= Jean-François Borel =

Belgian pharmacologist (1933–2025)

Jean-François Borel (4 July 1933 – 2 July 2025) was a Belgian microbiologist and immunologist who is considered one of the discoverers of cyclosporin.

== Early life ==
Borel was born in Antwerp, Belgium on 4 July 1933. He studied at the University of Antwerp and the ETH Zurich, where he received his doctorate in immunological genetics in 1964. Afterwards he was at the Swiss Research Institute of Medicine. From 1970 he was in the research laboratories of Sandoz in Basel.

== Discovery of cyclosporin ==
In 1972, Borel was involved in the discovery of the immunosuppressive effects of cyclosporin (Sandoz called Sandimmun), which was isolated by Sandoz in 1971 from a fungus that a Sandoz employee brought back from vacation in Norway. The screening program at Sandoz was previously developed by K. Saameli (and Stähelin) and the immunological testing procedures of S. Lazary. Initially, use as an antibiotic was considered. When it was realized that the substance had only T-cells and therefore had potential in transplantation medicine, Borel aroused much attention in 1976 at a congress in London. In the practice of organ transplantation, the new drug was tested in 1977 by the British surgeon Roy Yorke Calne.

In 1983, Borel became vice president of the pharmaceutical division of Sandoz (later Novartis). Since 1981 he was Professor of Immunopharmacology at the University of Bern.
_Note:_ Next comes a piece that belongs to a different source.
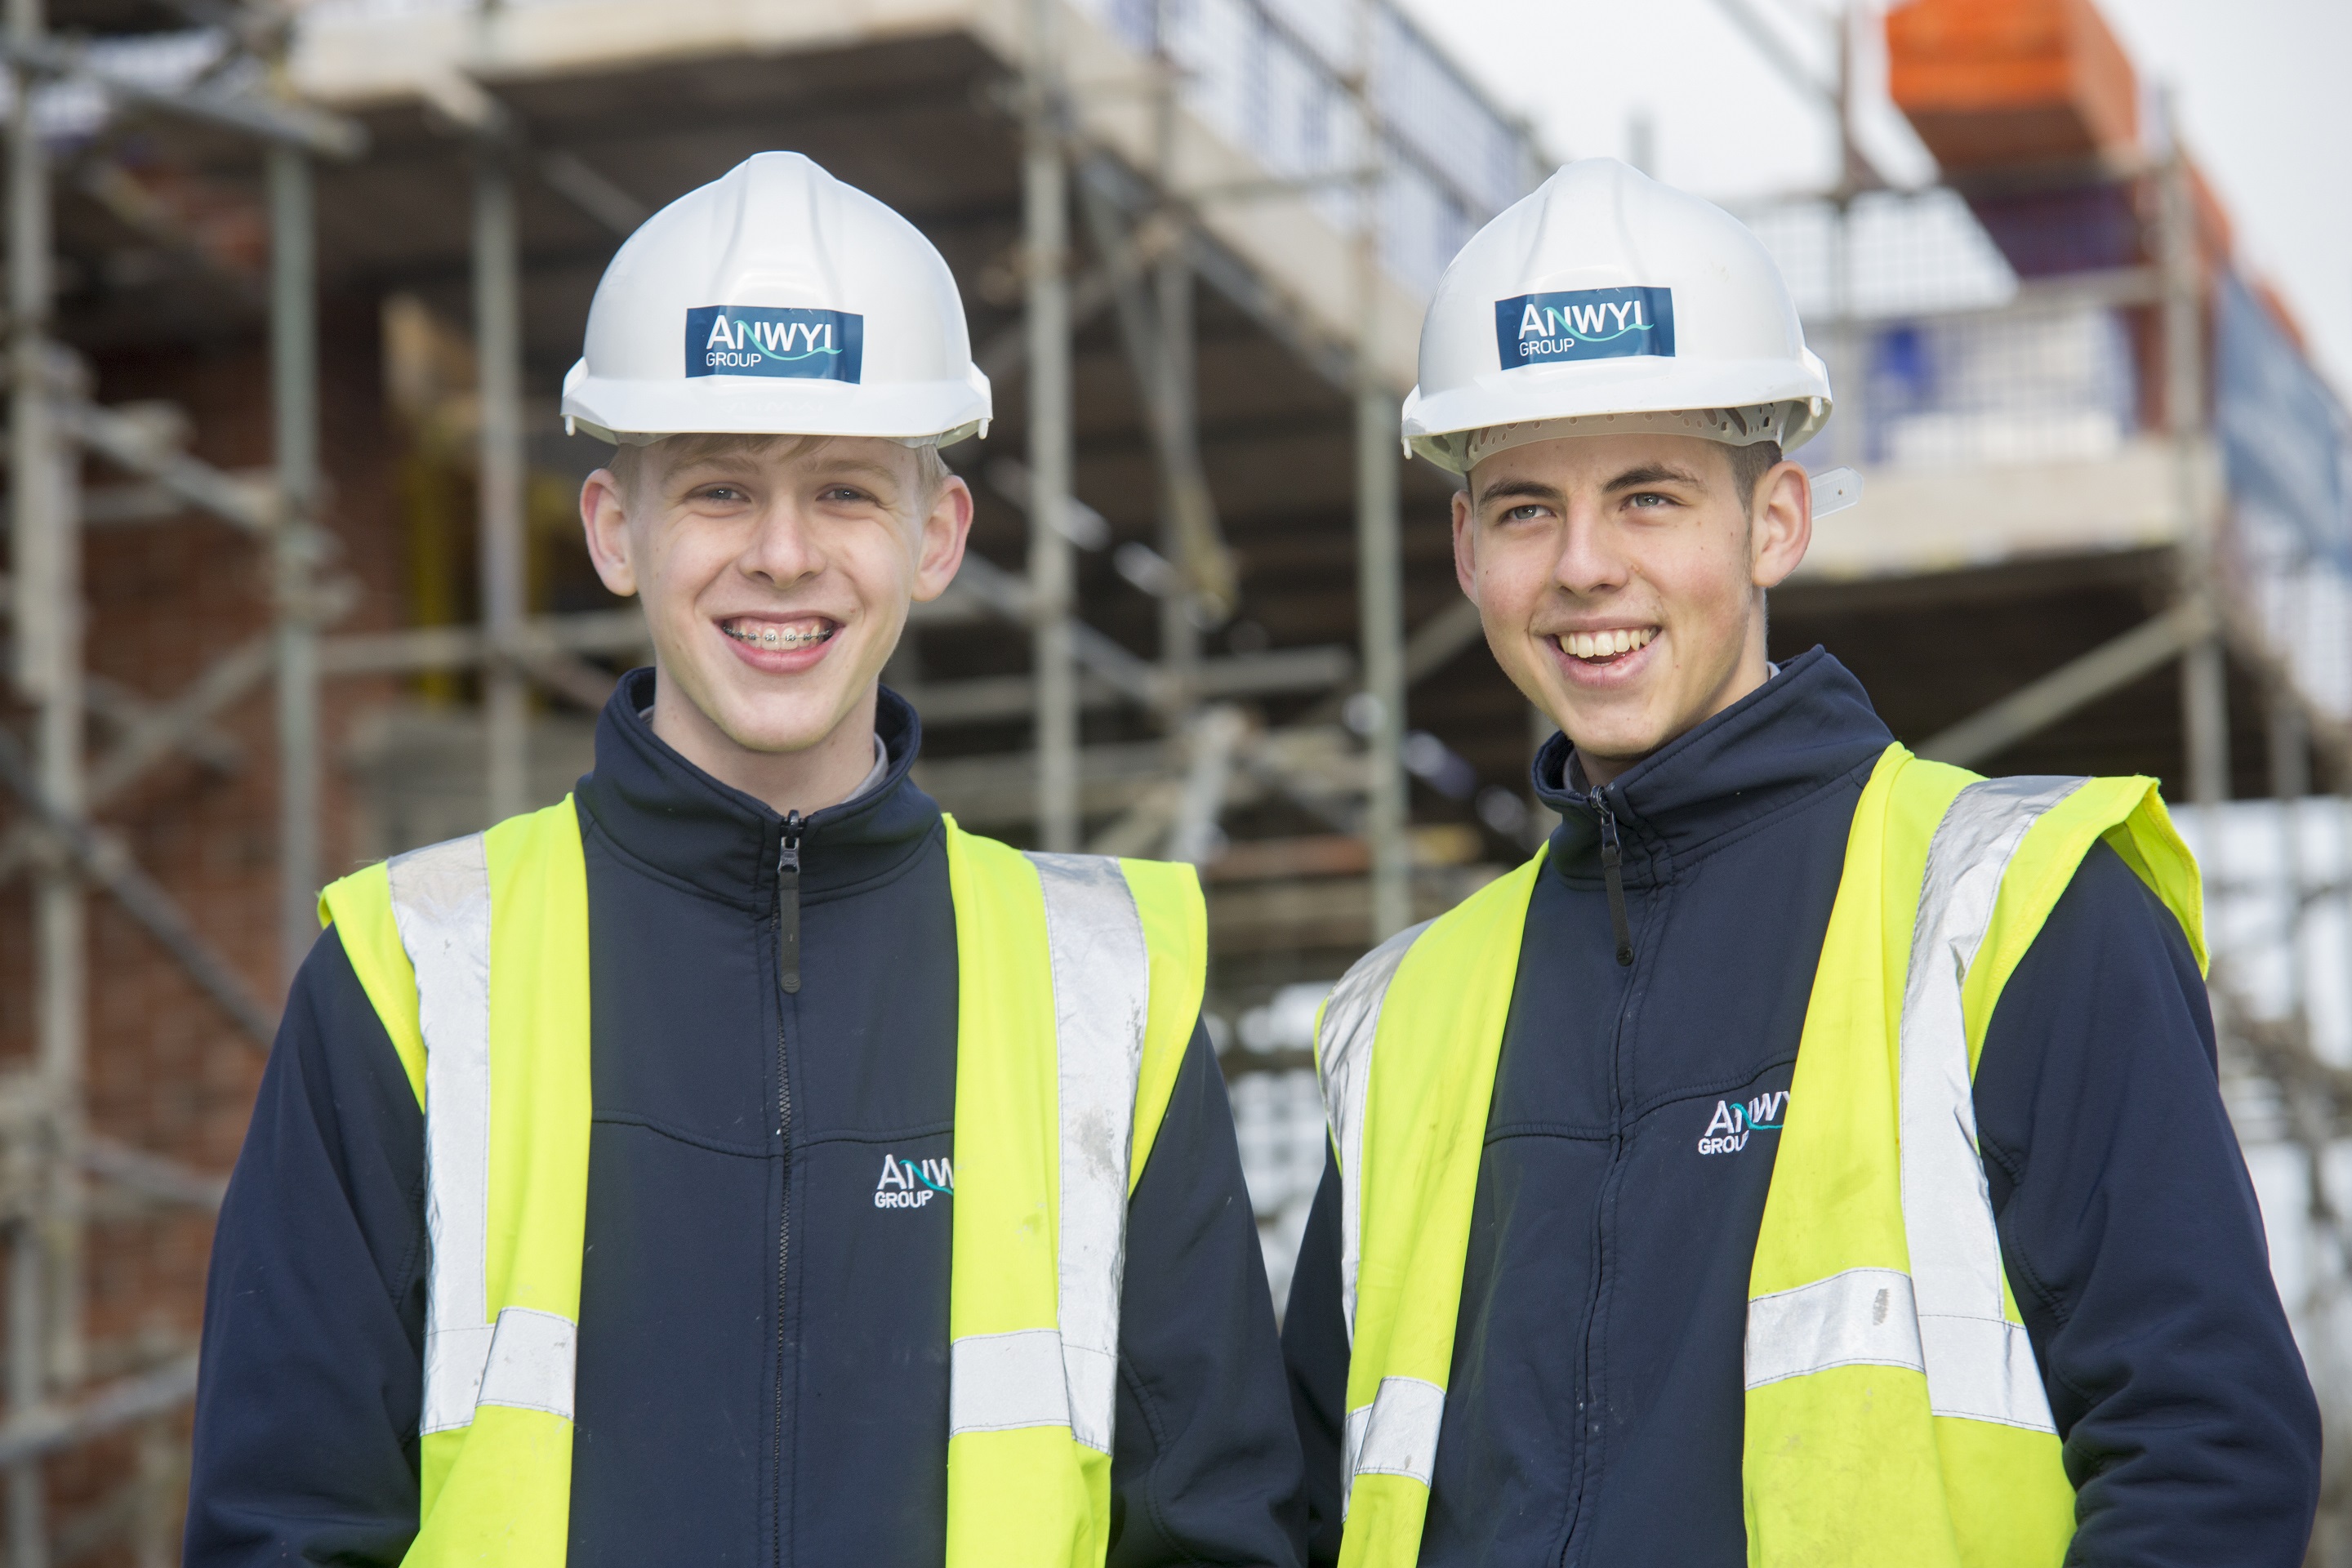 Anwyl homes takes two trainee assistant site managers from Coleg Cambria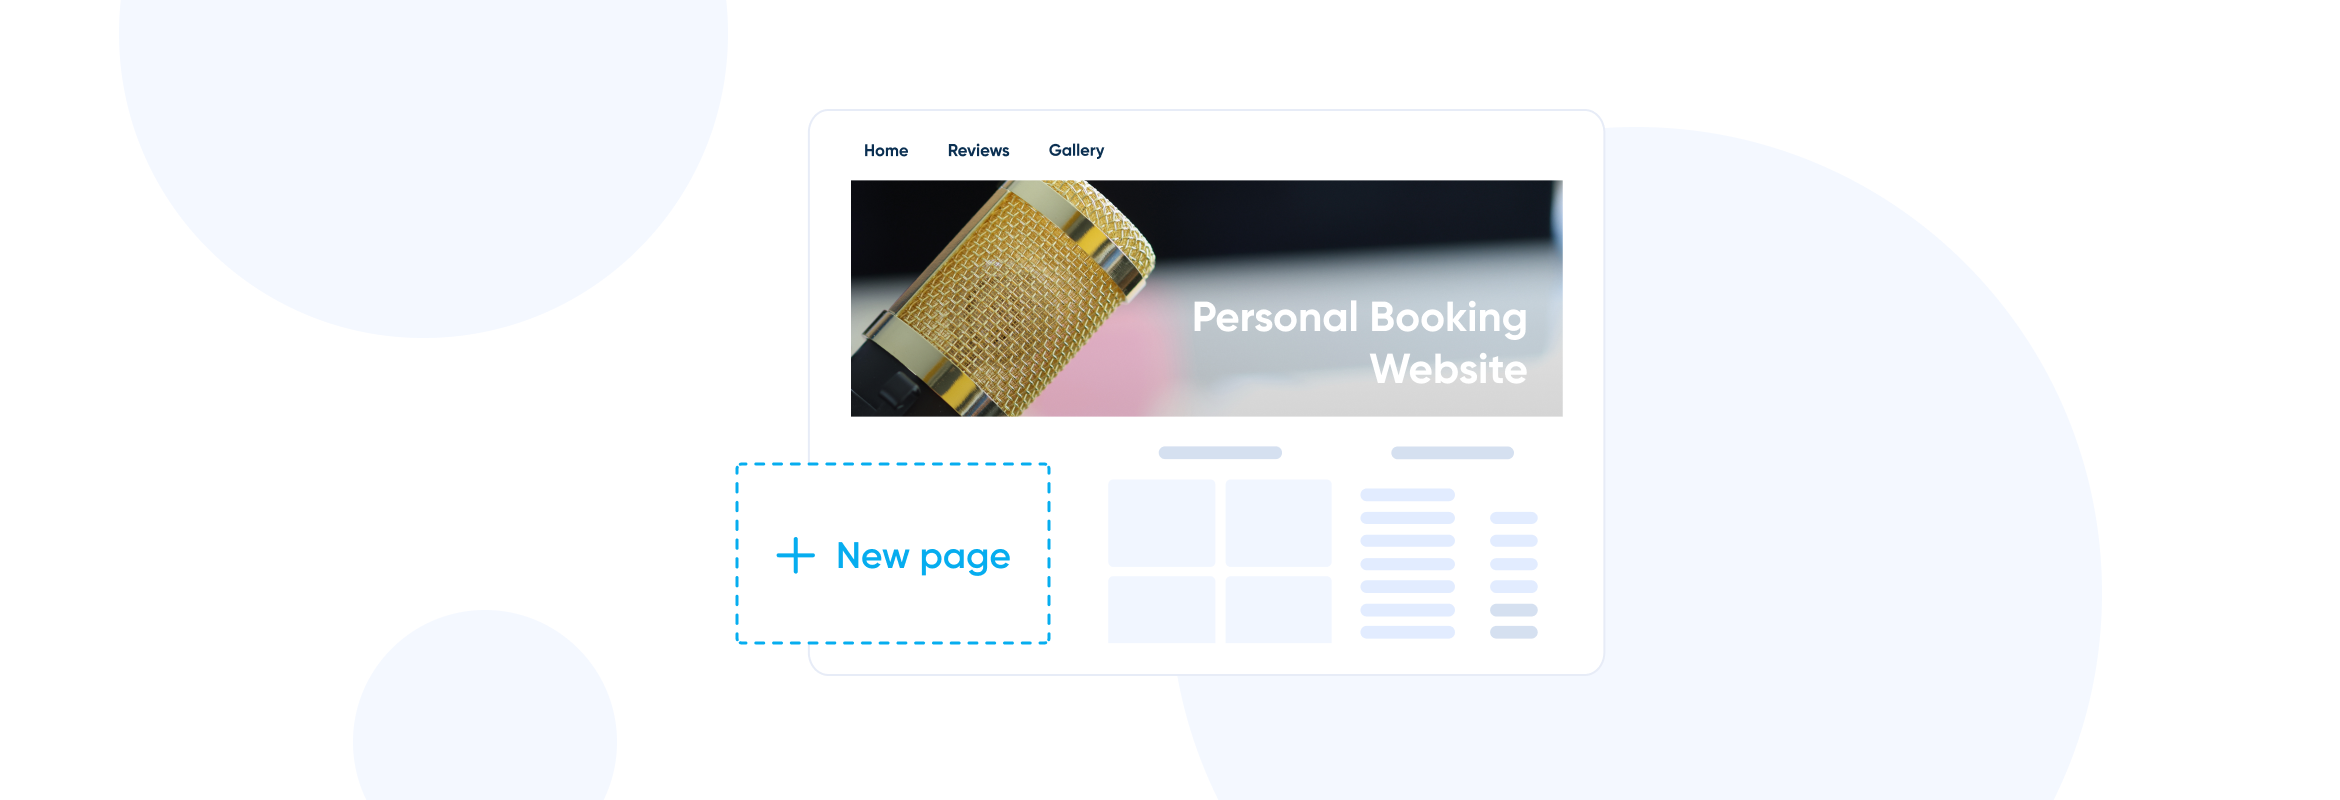 Adding Pages to your Booking Website

Also involved in the discovery and development was Hartmann Stähelin, head of the Pharmacology Department at Sandoz, which included the Immunology Department, and later there was a dispute over their respective shares in the discovery.

== Death ==
Borel died on 2 July 2025, at the age of 91.

== Awards ==
- 1984: Cloëtta Prize
- 1985: J. Allyn Taylor International Prize in Medicine
- 1986: Gairdner Foundation International Award
- 1987: Paul Ehrlich and Ludwig Darmstaedter Prize
- 1993: InBev-Baillet Latour Health Prize
- 1991 he became an honorary doctor in Basel.